1. Nobody else has a card of the suit

2. One other player has one card of that suit

3. Two other players have one card of that suit

...

10. All nine other players have one card of that suit

Note that (A)C(B) = combin(A,B)

Case 10 has (39)C(2) x (37)C(2) x ... x (23)C(2) possible cases

For case 1, there are (9)C(1) = 9 possible hands that have the one card of that suit, 11 cards of that suit, 39 cards not of that suit that can be the other card, and (38)C(2) x (36)C(2) x ... x (24)C(2) possibilities for the other eight hands

Note this equals the case 10 value x 9 / 1 x 11 / (22 x 2)
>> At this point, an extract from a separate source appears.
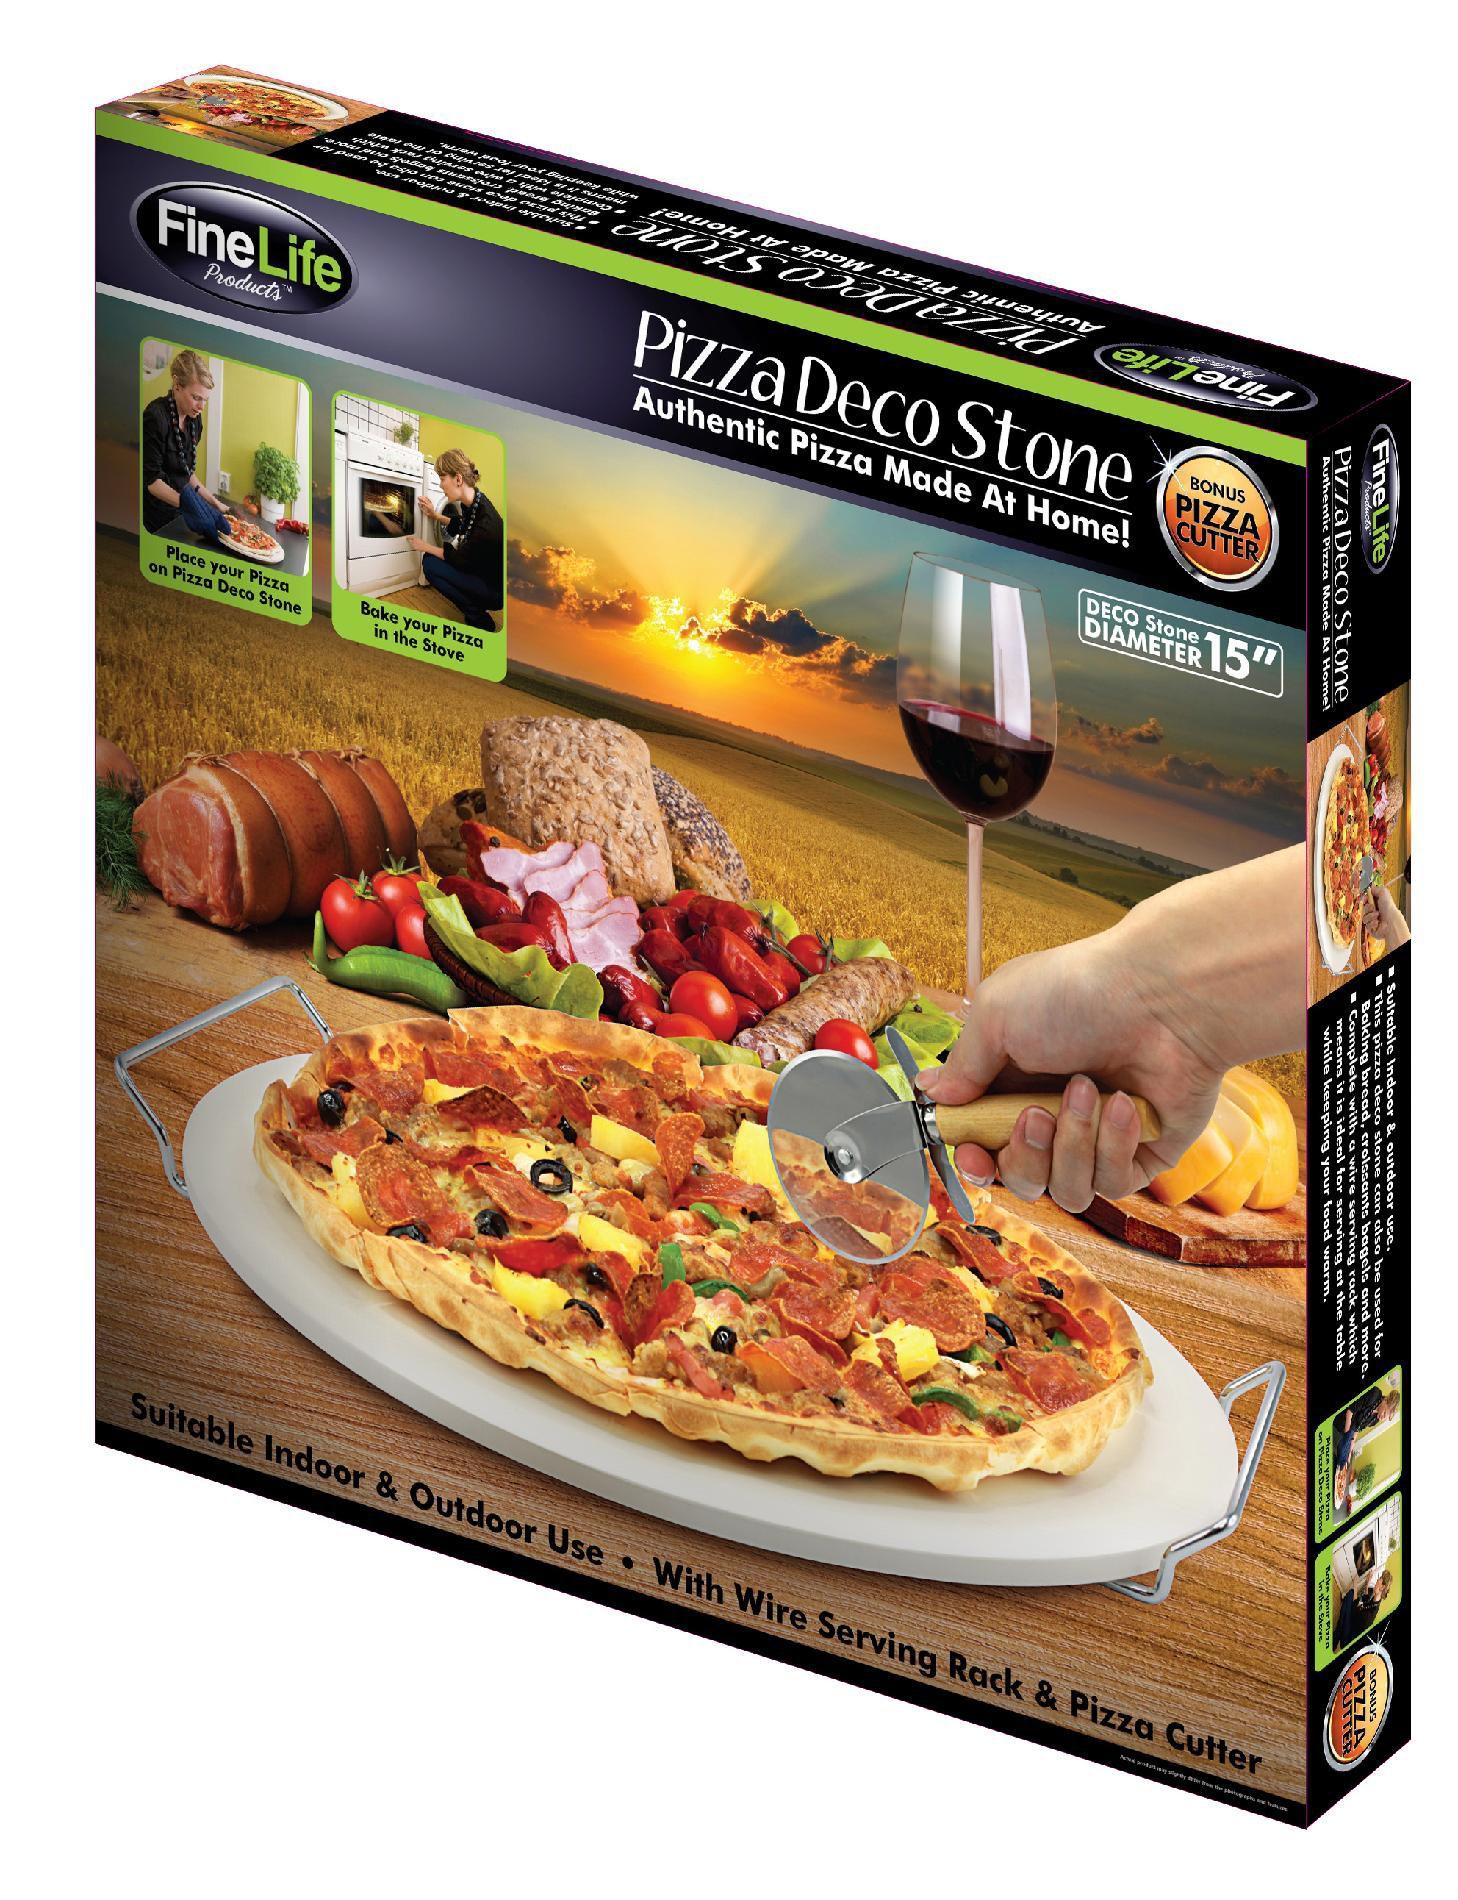 FINE LIFE Pizza Deco Stoneware

For case 2, there are (9)C(2) = 36 possible hands that have one card of that suit, 11 x 39 possible "first hand" pairs, 10 x 38 possible "second hand" pairs, and (37)C(2) x (35)C(2) x ... x (25)C(2) possibilities for the other seven hands

This equals the case 9 value x 8 / 2 x 10 / (23 x 2)

Similarly, for cases 3 through 9, the case N value = the case (N - 1) value x (10 - N) / N x (12 - N) / ((21 + N) x 2).

Add these up, and divide by the total number of deals of the other 9 players, which is (50)C(2) x (48)C(2) x ... x (32)C(2), and you get a probability of 64.51% that no one else has 2 cards of your suit, which means the probability that at least one other player does is (100 - 64.51) = 35.49%.

Note that this is the probability that no one else has 2 cards of your suit after assuming that you have 2 suited cards.

In other words, if you have two suited cards, there is a 35.49% chance that at least one other player has 2 cards of the same suit as yours as well.

This does not take into account the probability of you having two suited cards in the first place.

Yes, I did run a simulation to check that value this time...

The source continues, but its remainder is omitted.